Extinct genus of tetrapods

Chroniosuchus (greek for “ancient crocodile”; chronos meaning “time” and suchus meaning “crocodile”) is an extinct genus of chroniosuchid from the upper Permian period. The genus was first named by Vjuschkov in 1957.

Chroniosuchus is known for its distinctive body armor of large bony plates, known as scutes, that cover its back and sides.

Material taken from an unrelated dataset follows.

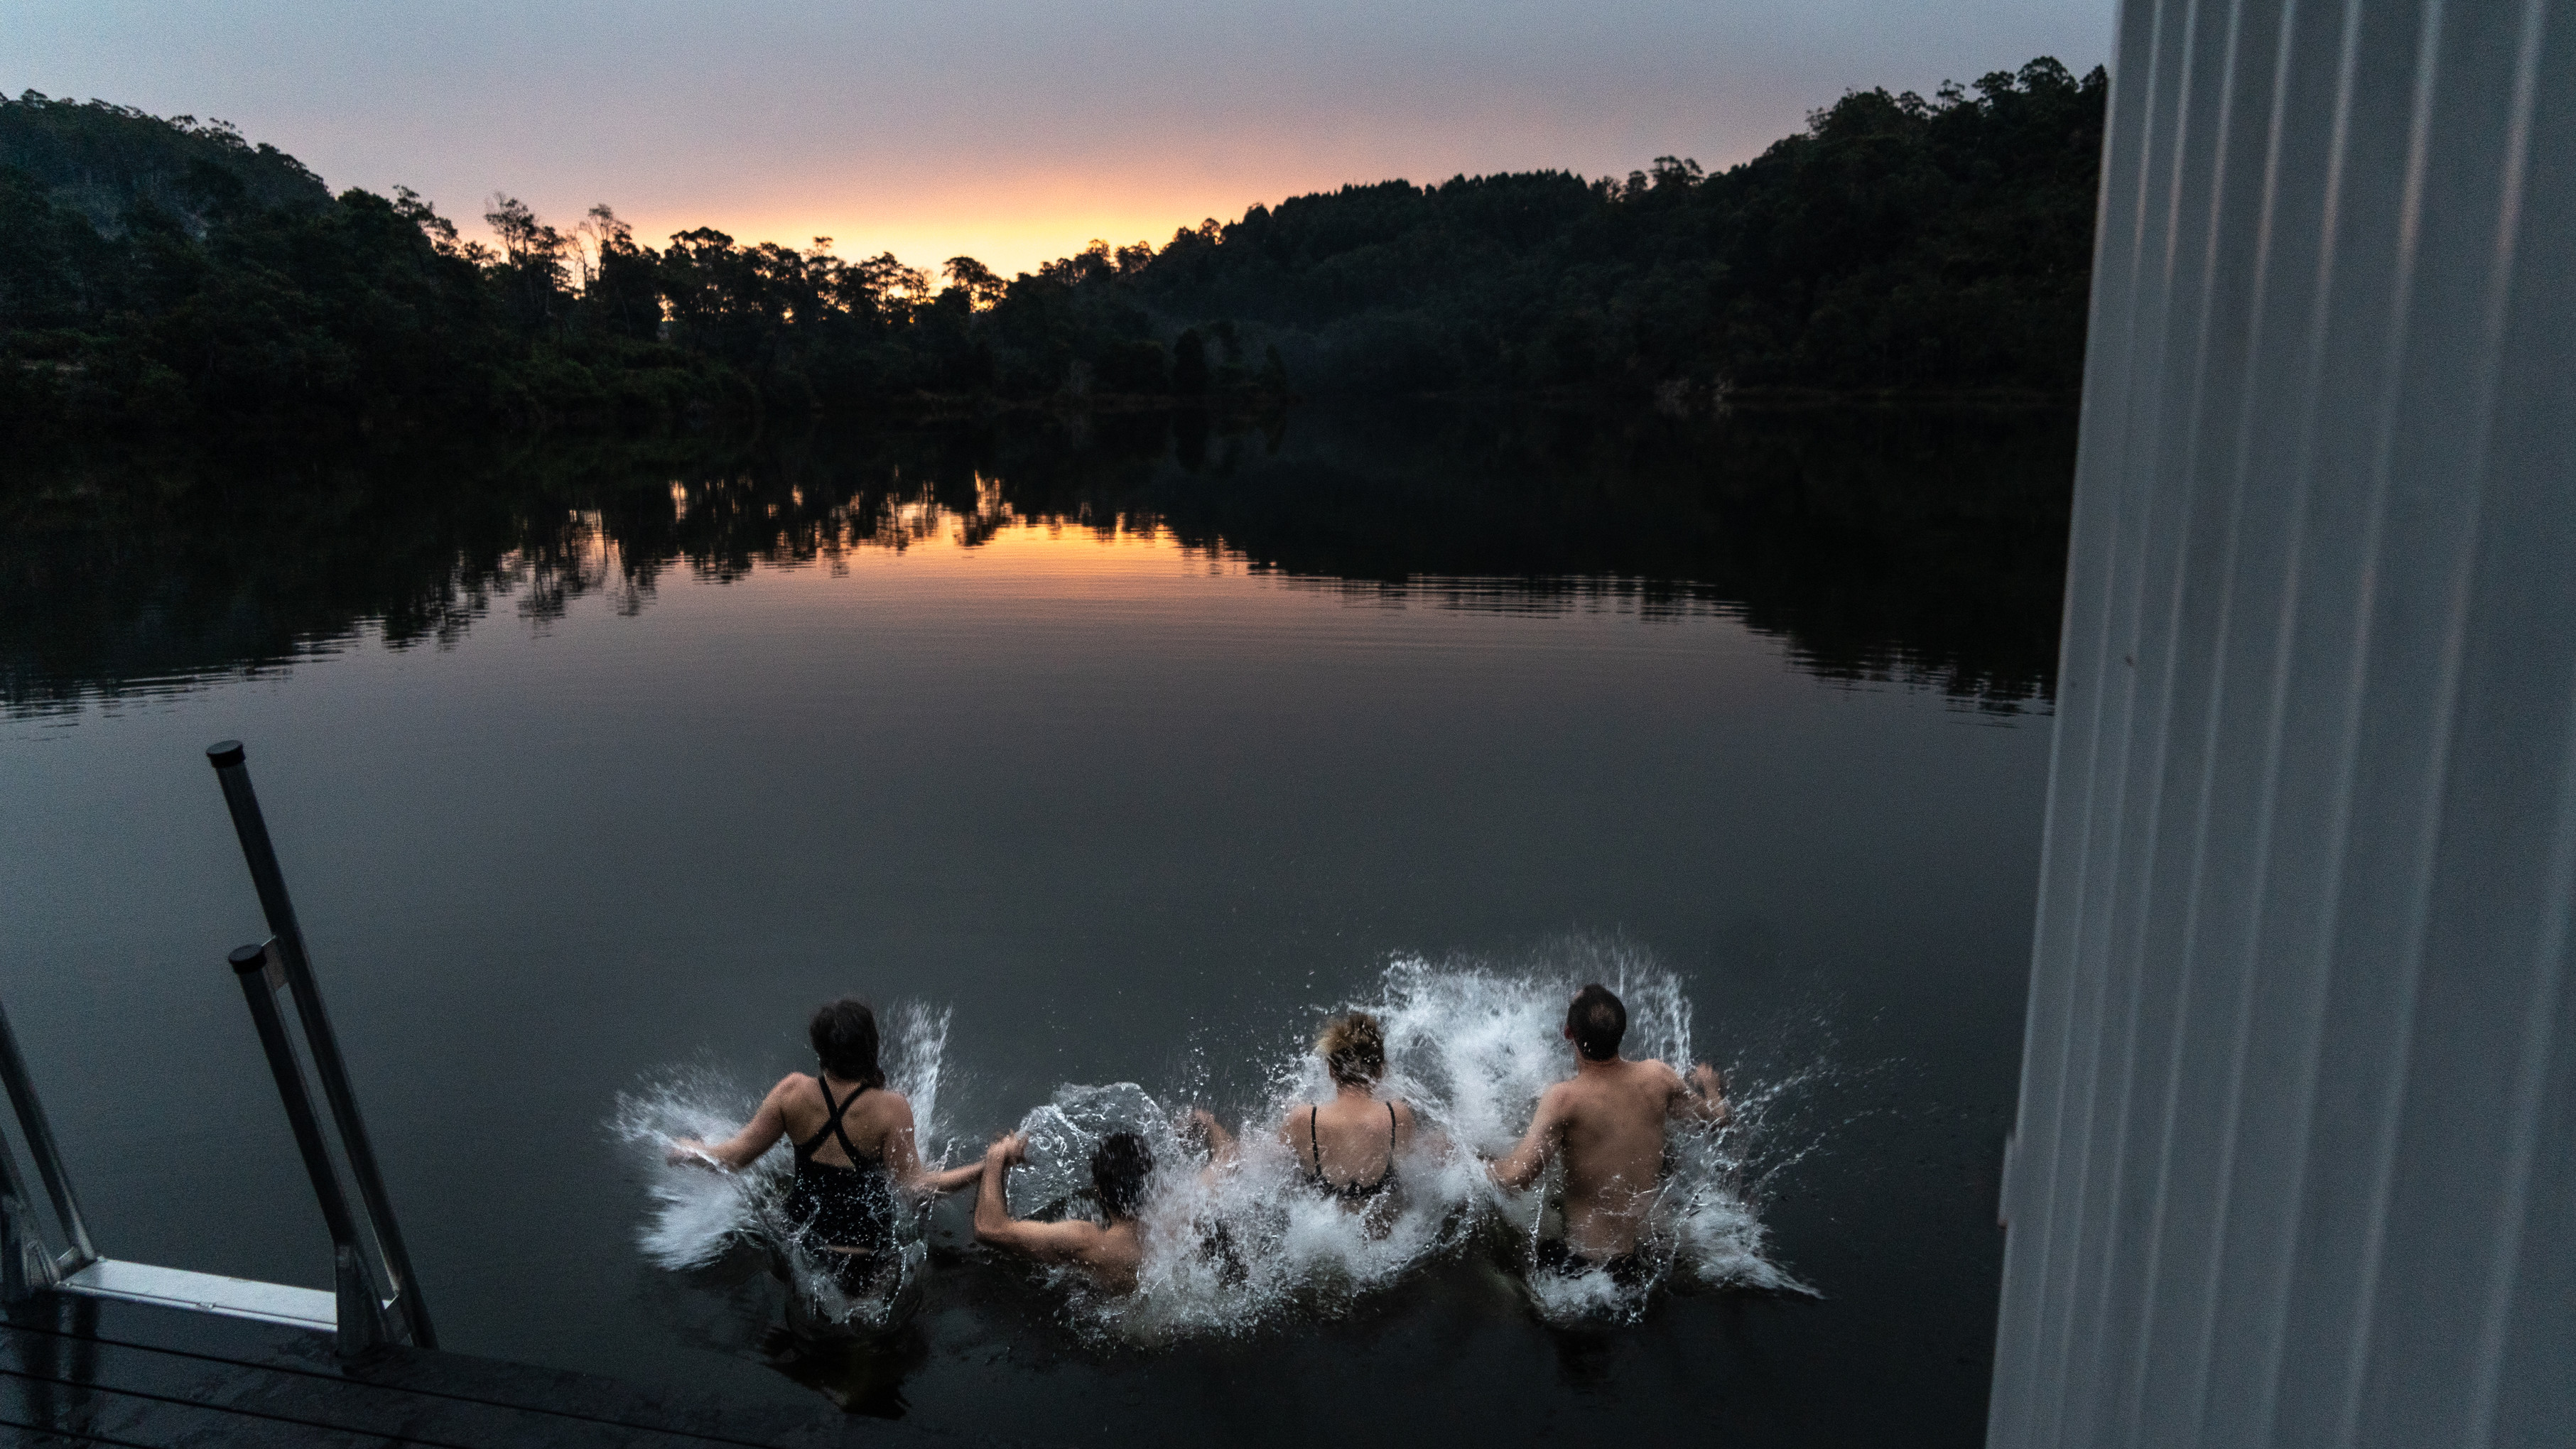 At dusk, four friends jump into the water holding hands at Floating Sauna Lake Derby.

These scutes varied among species providing clues of their evolution and classification among the Chroniosuchidae family.

== History and discovery ==
The first chroniosuchian remains were found in the early 20th century along the Malaya Severnaya Dvina River of the Russian pre-Urals and were mistakenly ascribed to Kotlassia prima by Hartmann-Weinberg (1935) and was noted to have similar anatomy based on dermal armour by Olson. However, studies by Vyushkov in the 1950s marked the recognition of chroniosuchians as their own group. Golubev revised the taxonomy of Permian chroniosuchians, recognizing the distinctive features of Chroniosuchidae and Bystrowianidae. The two major subtaxa were defined mainly on their distinct osteoderm morphologies. Golubev assigned fossils previously referred to Jugosuchus to Chroniosuchus or Chroniosaurus, creating a new genus, Jarilinus, to accommodate an intermediate species. Golubev suggested that the chroniosuchids formed a phylogenetic lineage with several successive species, and defined four biostratigraphic subzones for the Russian Late Permian.

Though multiple species have been named and debated in the genus Chroniosuchus, based on Golubev's revision, currently two Chroniosuchus species are considered valid which are C. paradoxus, discovered during the 1940s or 1950s and named by B.P. Vjuschkov in 1957, and C. licharevi named by Anatoly Riabinin in 1962.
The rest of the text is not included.